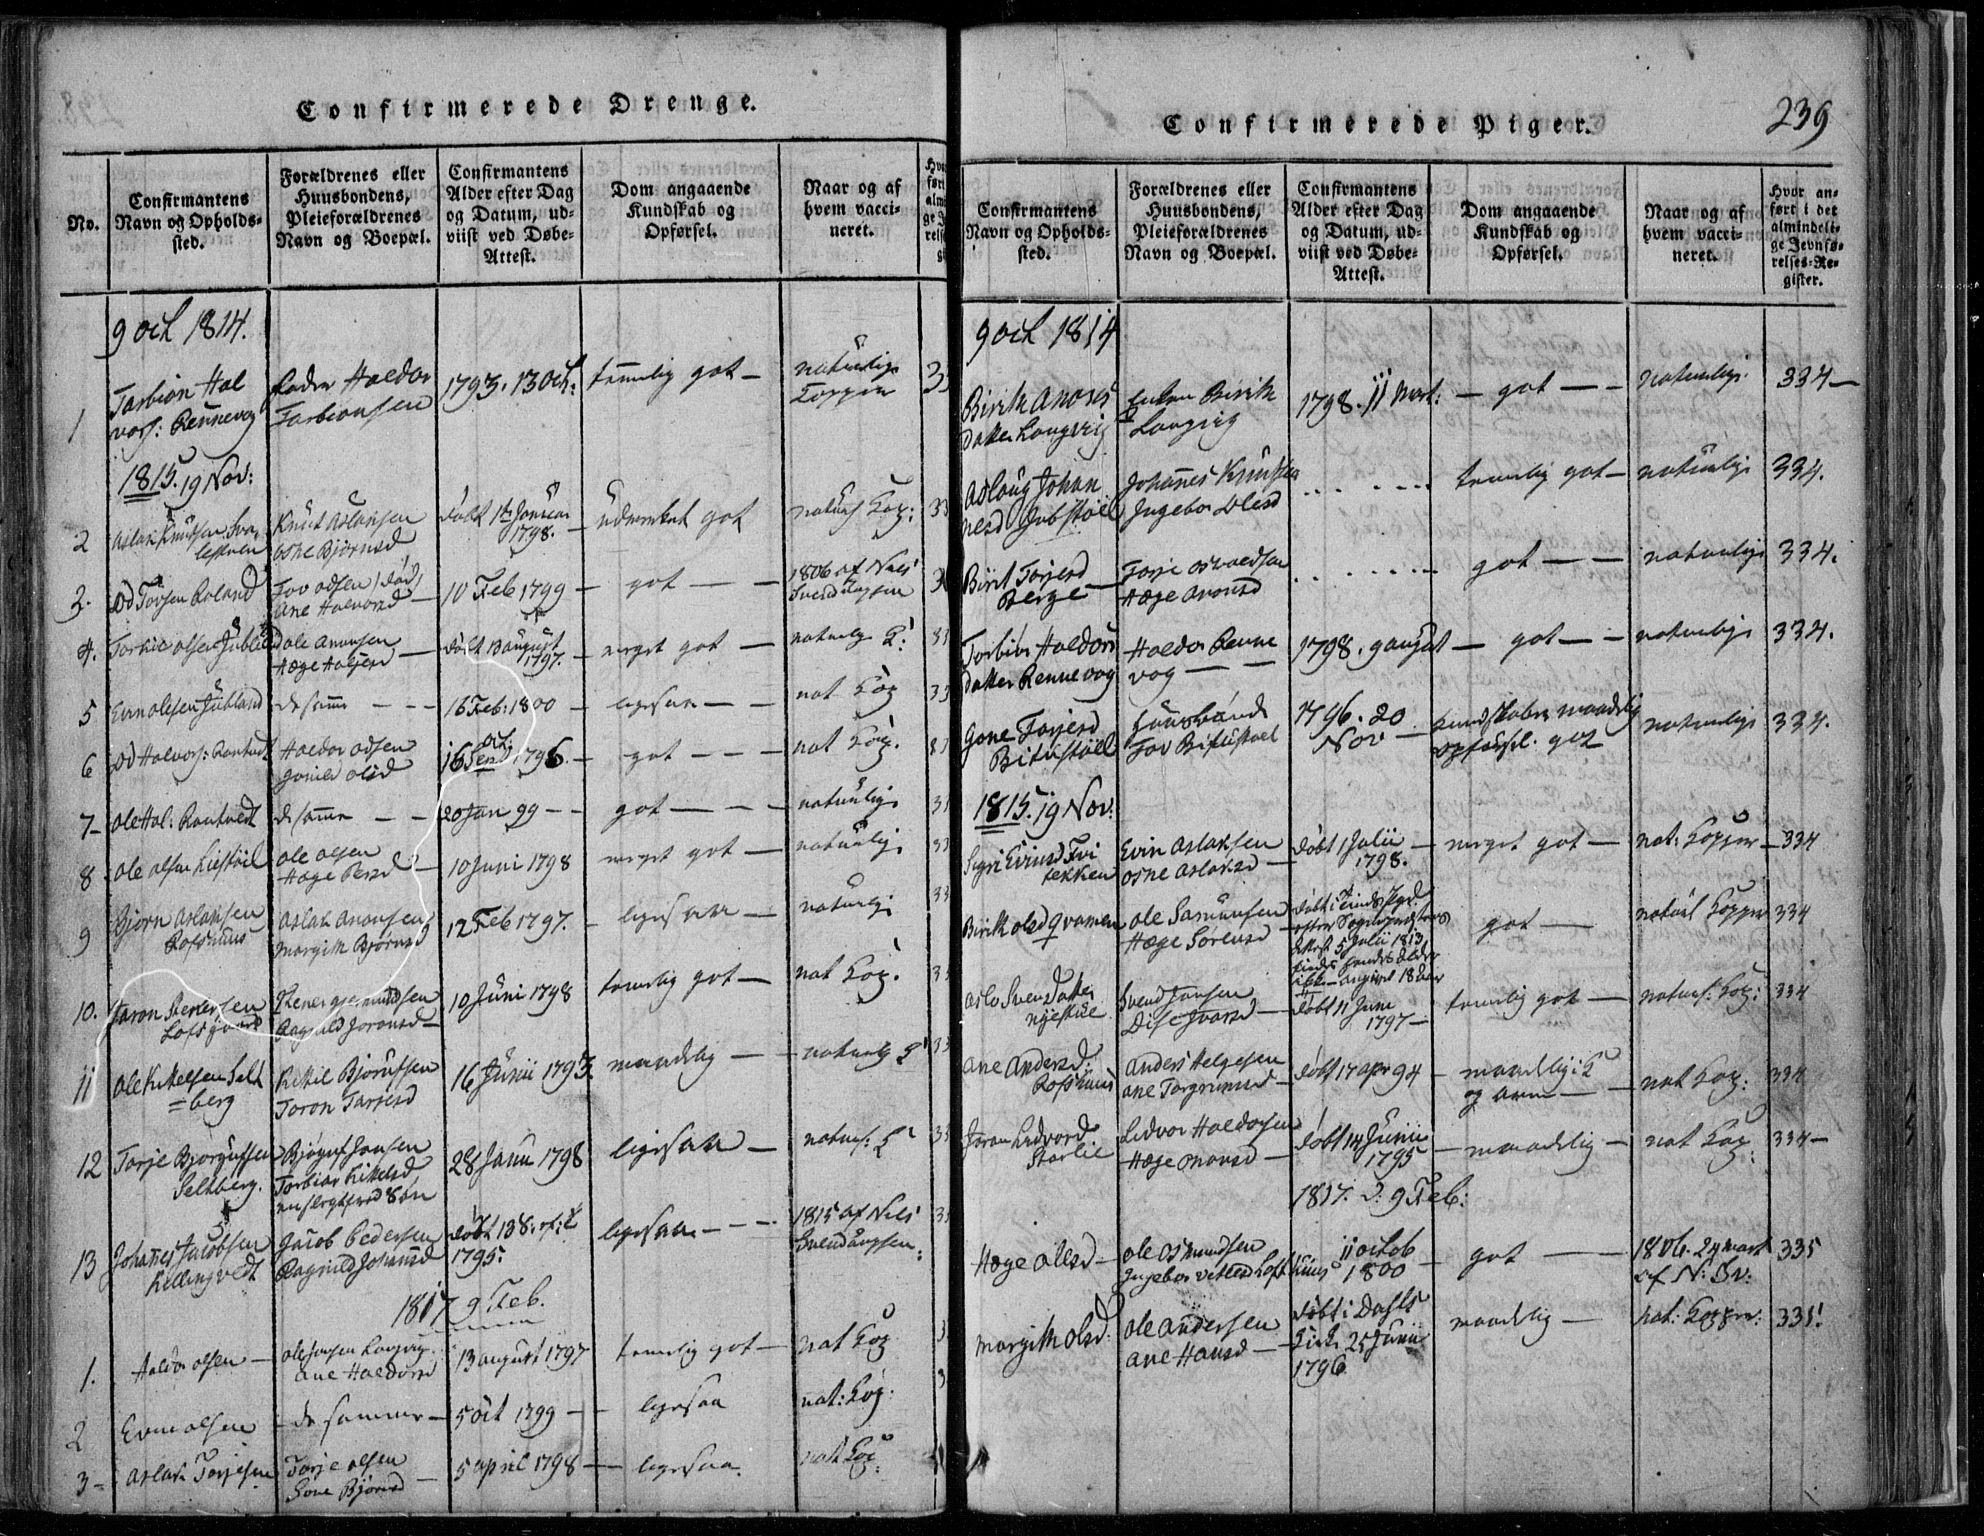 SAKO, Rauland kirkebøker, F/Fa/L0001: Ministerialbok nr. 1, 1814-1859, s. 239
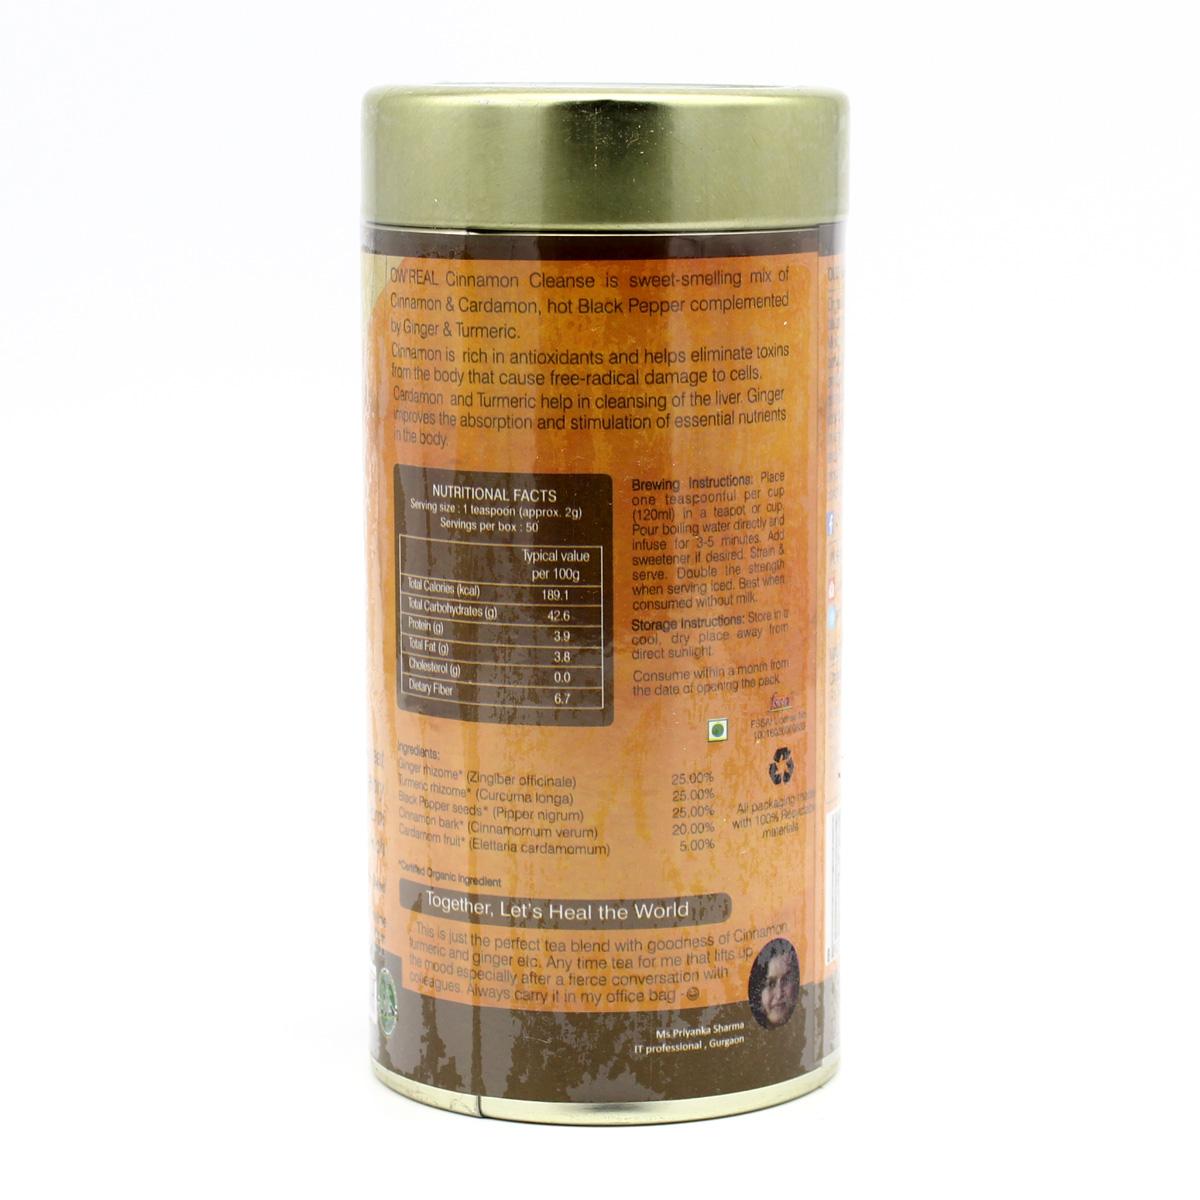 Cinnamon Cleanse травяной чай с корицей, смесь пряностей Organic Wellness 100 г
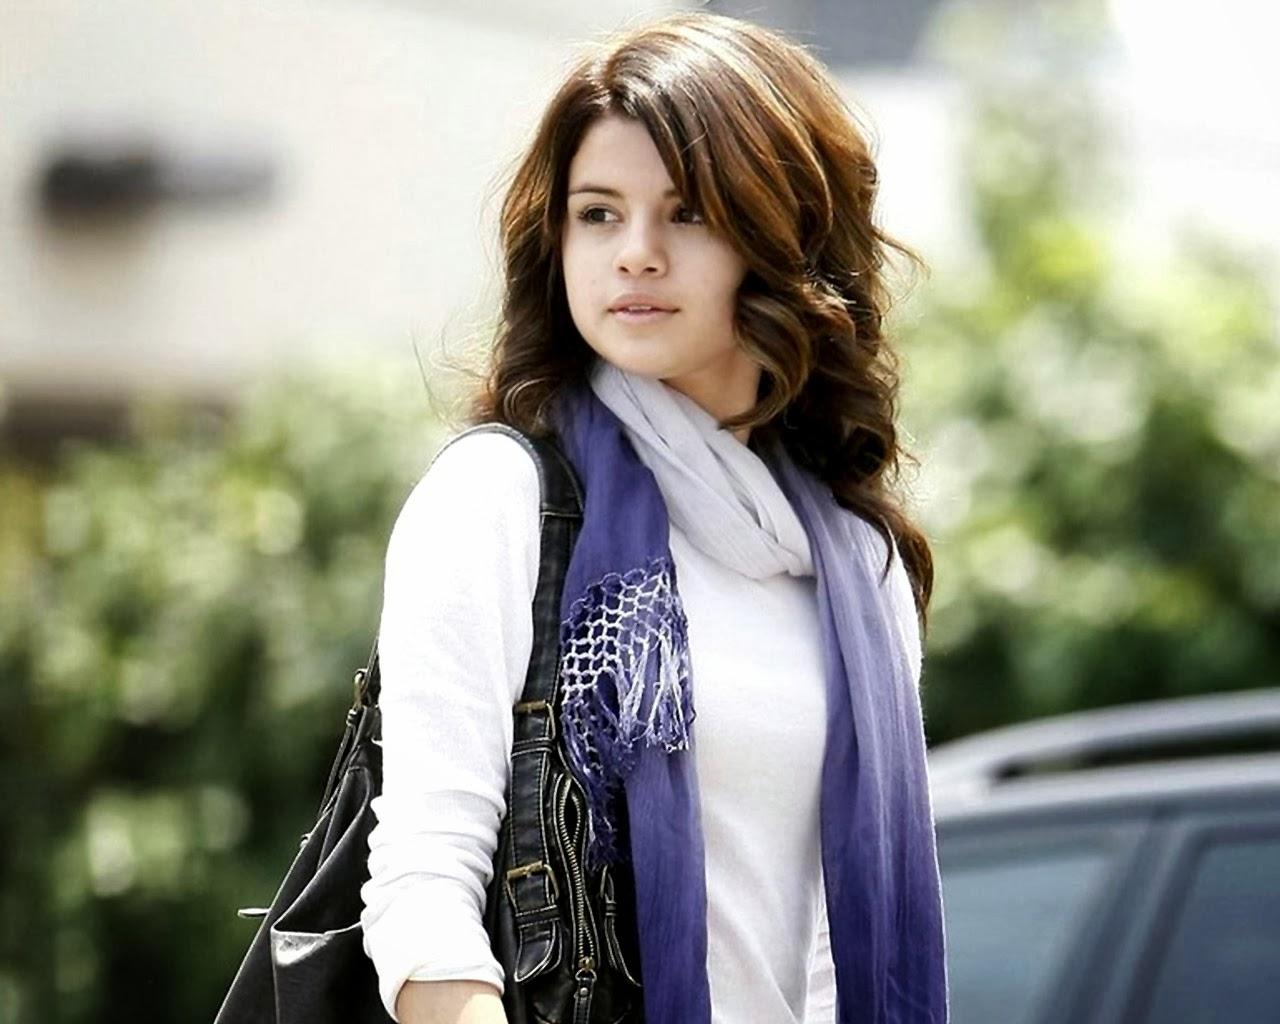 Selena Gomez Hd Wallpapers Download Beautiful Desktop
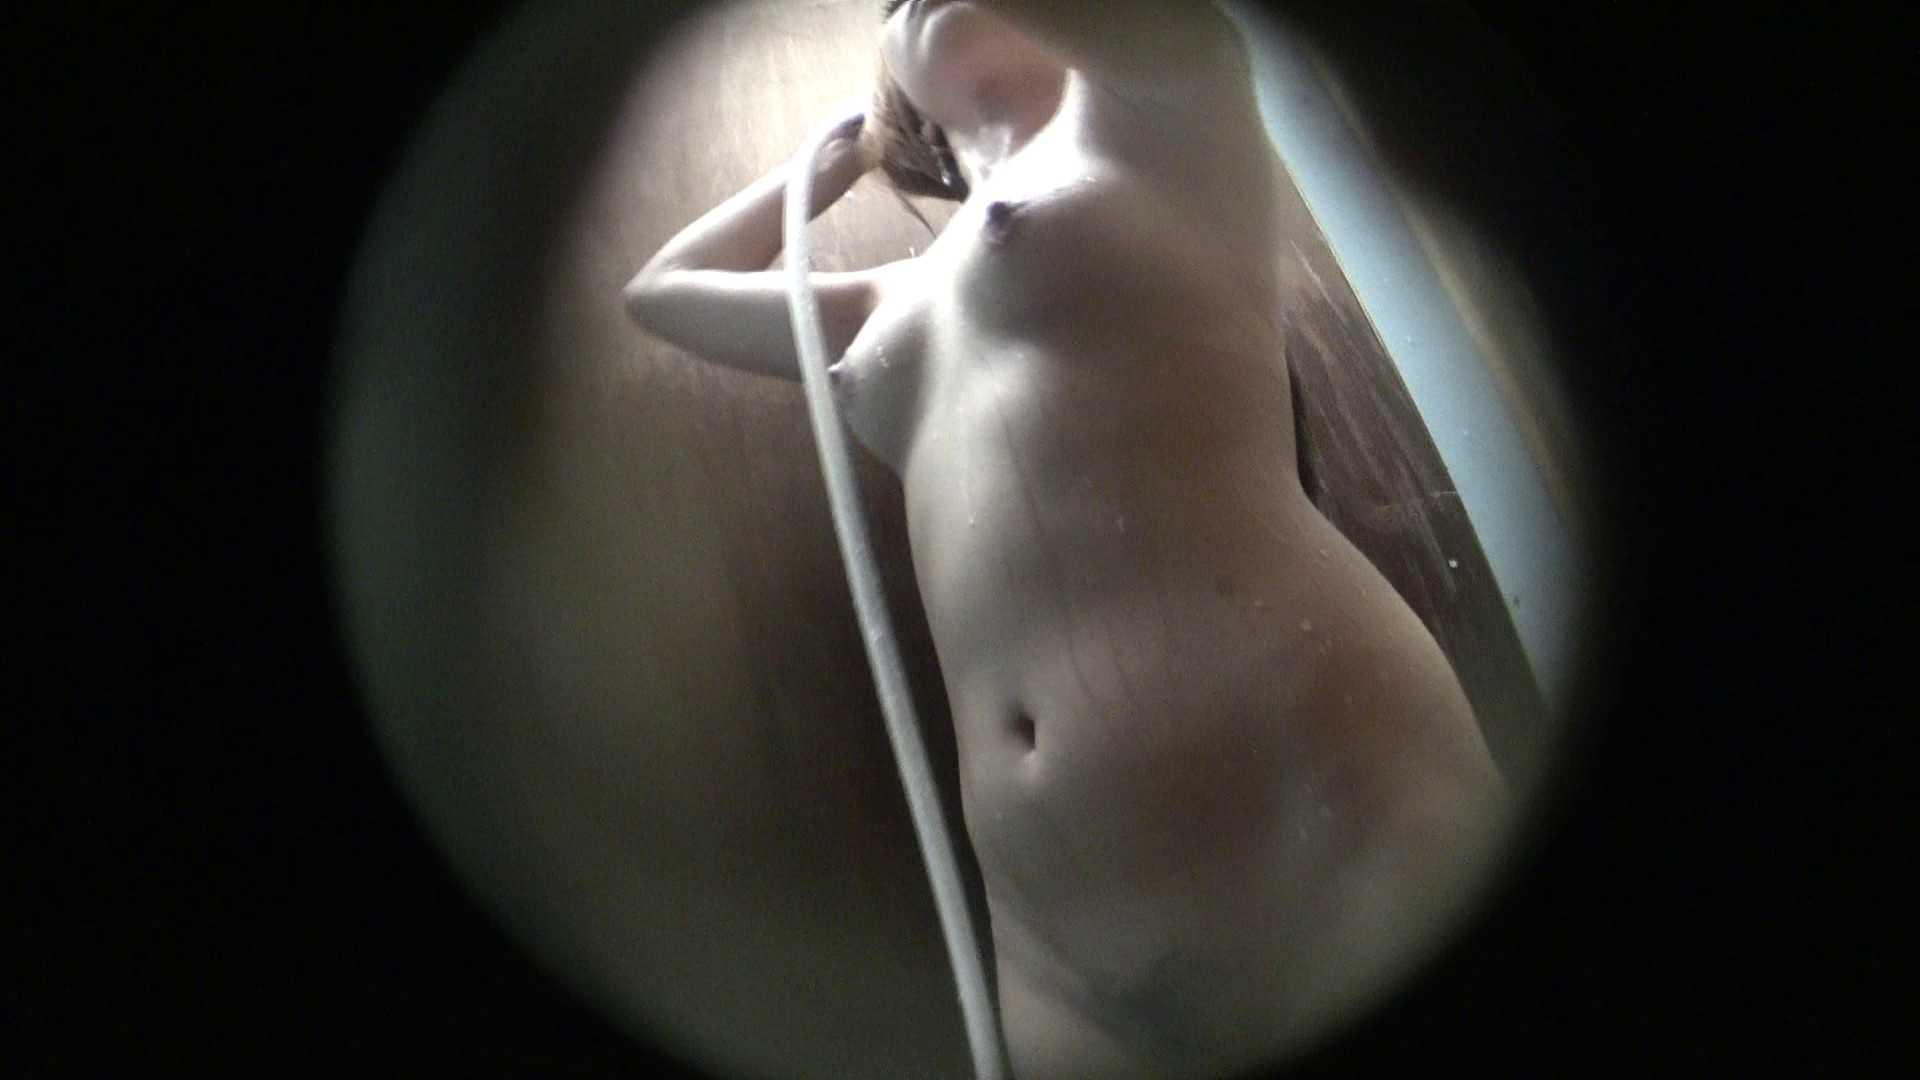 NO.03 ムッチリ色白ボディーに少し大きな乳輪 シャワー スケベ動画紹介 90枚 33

Problem: The whole listing should be restated word for word, with no pictures.

Written answer:
 SAKO, Rauland kirkebøker, F/Fa/L0001: Ministerialbok nr. 1, 1814-1859, s. 239
 Cinnamon Cleanse травяной чай с корицей, смесь пряностей Organic Wellness 100 г
 Selena Gomez Hd Wallpapers Download Beautiful Desktop
 NO.03 ムッチリ色白ボディーに少し大きな乳輪 シャワー スケベ動画紹介 90枚 33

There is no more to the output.